An index is a distinct structure in the database that is built using the create index statement. It requires its own disk space and holds a copy of the indexed table data. That means that an index is pure redundancy. Creating an index does not change the table data; it just creates a new data structure that refers to the table. A database index is, after all, very much like the index at the end of a book: it occupies its own space, it is highly redundant, and it refers to the actual information stored in a different place.

The database combines two data structures to meet the challenge: a doubly linked list and a search tree. These two structures explain most of the database’s performance characteristics.

Databases use doubly linked lists to connect the so-called index leaf nodes. Each leaf node is stored in a database block or page; that is, the database’s smallest storage unit. All index blocks are of the same size —typically a few kilobytes. The database uses the space in each block to the extent possible and stores as many index entries as possible in each block. That means that the index order is maintained on two different levels: the index entries within each leaf node, and the leaf nodes among each other using a doubly linked list.

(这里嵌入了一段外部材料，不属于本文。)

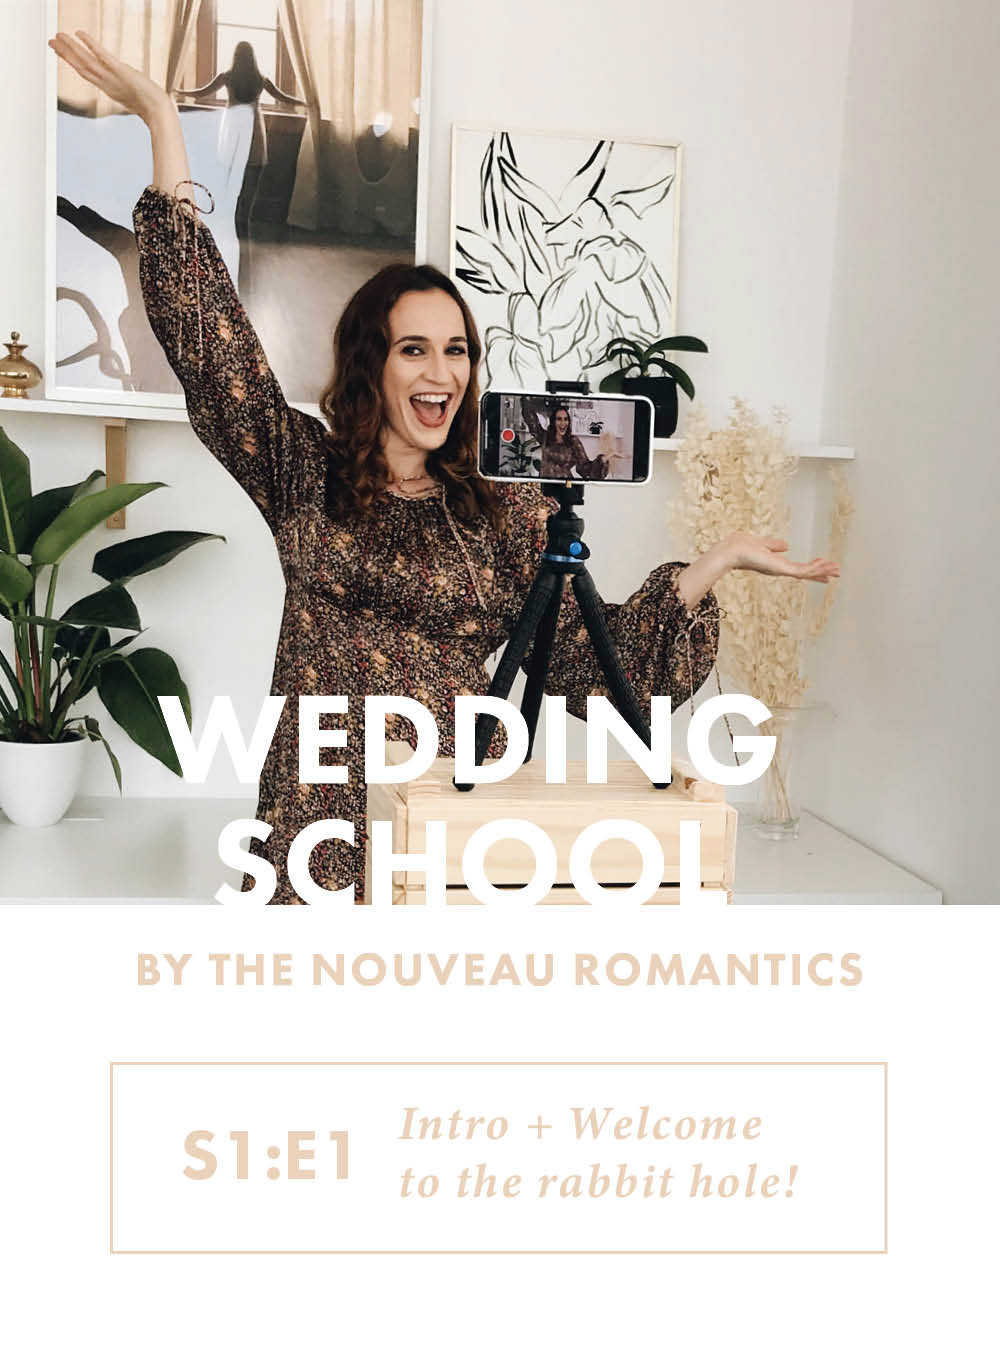 Wedding School by TNR: Wedding Planning Videos for Engaged Couples. Free resource for couples looking for expert advice while planning their wedding.

An index is pure redundancy. It contains only data that is also stored in the table. During write operations, the database must keep those redundancies consistent. Specifically, it means that insert , delete and update not only affect the table but also the indexes that hold a copy of the affected data.

An update statement must relocate the changed index entries to maintain the index order. For that, the database must remove the old entry and add the new one at the new location. The response time is basically the same as for the respective delete and insert statements together.

#### EXPLAIN

EXPLAIN 语句可以提供 MySQL 执行时的相关信息，可以从中得出是否有使用索引
PS 我这里使用 mycli 了，因为 mysql clint 用起来有点别扭

mysql> explain select first_name from employees where emp_no=20392\G
***************************[ 1. row ]***************************
id            | 1
select_type   | SIMPLE
table         | employees
partitions    | <null>
type          | const
possible_keys | PRIMARY
key           | PRIMARY
key_len       | 4
ref           | constze
rows          | 1
filtered      | 100.0
Extra         | <null>


type 字段从好到差依次为 system,const,eq_ref,ref,fulltext,ref_or_null,index_merge,unique_subquery,index_subquery,range,index,ALL 除了 ALL 之外，其他的有用到到索引。比如 const 代表使用唯一索引(UNIQUE)或者主键(PRIMARY KEY);rows 是执行计划中估算的扫描行数

### Concatenated Indexes

CREATE INDEX employee_name ON employees (first_name, last_name)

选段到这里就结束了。